The instantaneous velocity (at any instant, instead of an average) of any moving object is equal to the rate of change of displacement.

In this case, the displacement is only along one axis, the up-down (vertical) axis. Therefore, the only measurements needed to qualify the displacement are the magnitude of the displacement and the sign (if the object moved in 3 dimensions, we'd need a vector arrow. Here, the object moves in only 1 dimension so we do not need that).

So, the instantaneous velocity of the object is simply equal to the gradient of the displacement-time graph.
Take a look at the graph they have given for displacement versus time - initially, at the very beginning, the gradient is zero, i.e. the gradient is a flat line.

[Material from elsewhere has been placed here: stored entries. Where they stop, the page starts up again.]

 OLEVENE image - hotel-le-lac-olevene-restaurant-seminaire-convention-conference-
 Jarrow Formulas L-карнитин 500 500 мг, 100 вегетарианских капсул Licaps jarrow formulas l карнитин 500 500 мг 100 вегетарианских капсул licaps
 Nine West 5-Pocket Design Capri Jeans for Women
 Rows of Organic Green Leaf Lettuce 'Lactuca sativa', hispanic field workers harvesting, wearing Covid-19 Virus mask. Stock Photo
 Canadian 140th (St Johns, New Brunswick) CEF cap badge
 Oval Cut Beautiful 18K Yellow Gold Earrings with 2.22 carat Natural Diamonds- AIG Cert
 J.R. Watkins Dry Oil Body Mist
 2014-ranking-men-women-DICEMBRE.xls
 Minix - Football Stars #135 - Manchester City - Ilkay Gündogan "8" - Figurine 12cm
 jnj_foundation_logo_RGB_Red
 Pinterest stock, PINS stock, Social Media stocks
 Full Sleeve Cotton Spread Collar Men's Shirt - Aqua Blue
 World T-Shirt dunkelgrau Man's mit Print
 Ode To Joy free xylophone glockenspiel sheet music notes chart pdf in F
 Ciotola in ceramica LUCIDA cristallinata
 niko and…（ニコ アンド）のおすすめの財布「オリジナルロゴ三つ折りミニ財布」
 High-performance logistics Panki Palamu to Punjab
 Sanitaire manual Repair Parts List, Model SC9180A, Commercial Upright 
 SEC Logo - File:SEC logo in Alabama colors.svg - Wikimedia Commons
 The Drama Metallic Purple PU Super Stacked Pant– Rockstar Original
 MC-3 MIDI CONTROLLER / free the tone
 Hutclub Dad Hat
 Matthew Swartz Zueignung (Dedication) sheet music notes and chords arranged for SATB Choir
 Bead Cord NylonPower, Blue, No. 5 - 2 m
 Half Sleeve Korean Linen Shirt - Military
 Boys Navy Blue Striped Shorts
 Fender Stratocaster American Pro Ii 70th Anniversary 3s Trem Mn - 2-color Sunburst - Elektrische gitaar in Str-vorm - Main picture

Therefore, the displacement is barely changing with time at t = 0. This means that the velocity of the object at t = 0 is also zero.

This narrows the answer down to A, C or D. Let's look closer at the curve.

After the initial moment, the displacement is negative but the gradient slowly becomes more and more positive - that means the object is moving upwards, which is a positive velocity (since upwards is arbitrarily given the positive direction). So, since the gradient is positive and the change in displacement is upwards, the speed just after t = 0 is also positive (and upwards). Let's move on.

At the second scale-bar on the time axis, you can see on the displacement graph that the gradient becomes zero; this means that the velocity also becomes zero, which means that at the second bar on the time axis the velocity must be zero. This still doesn't get us any further, so we'll go a last bit along the time axis.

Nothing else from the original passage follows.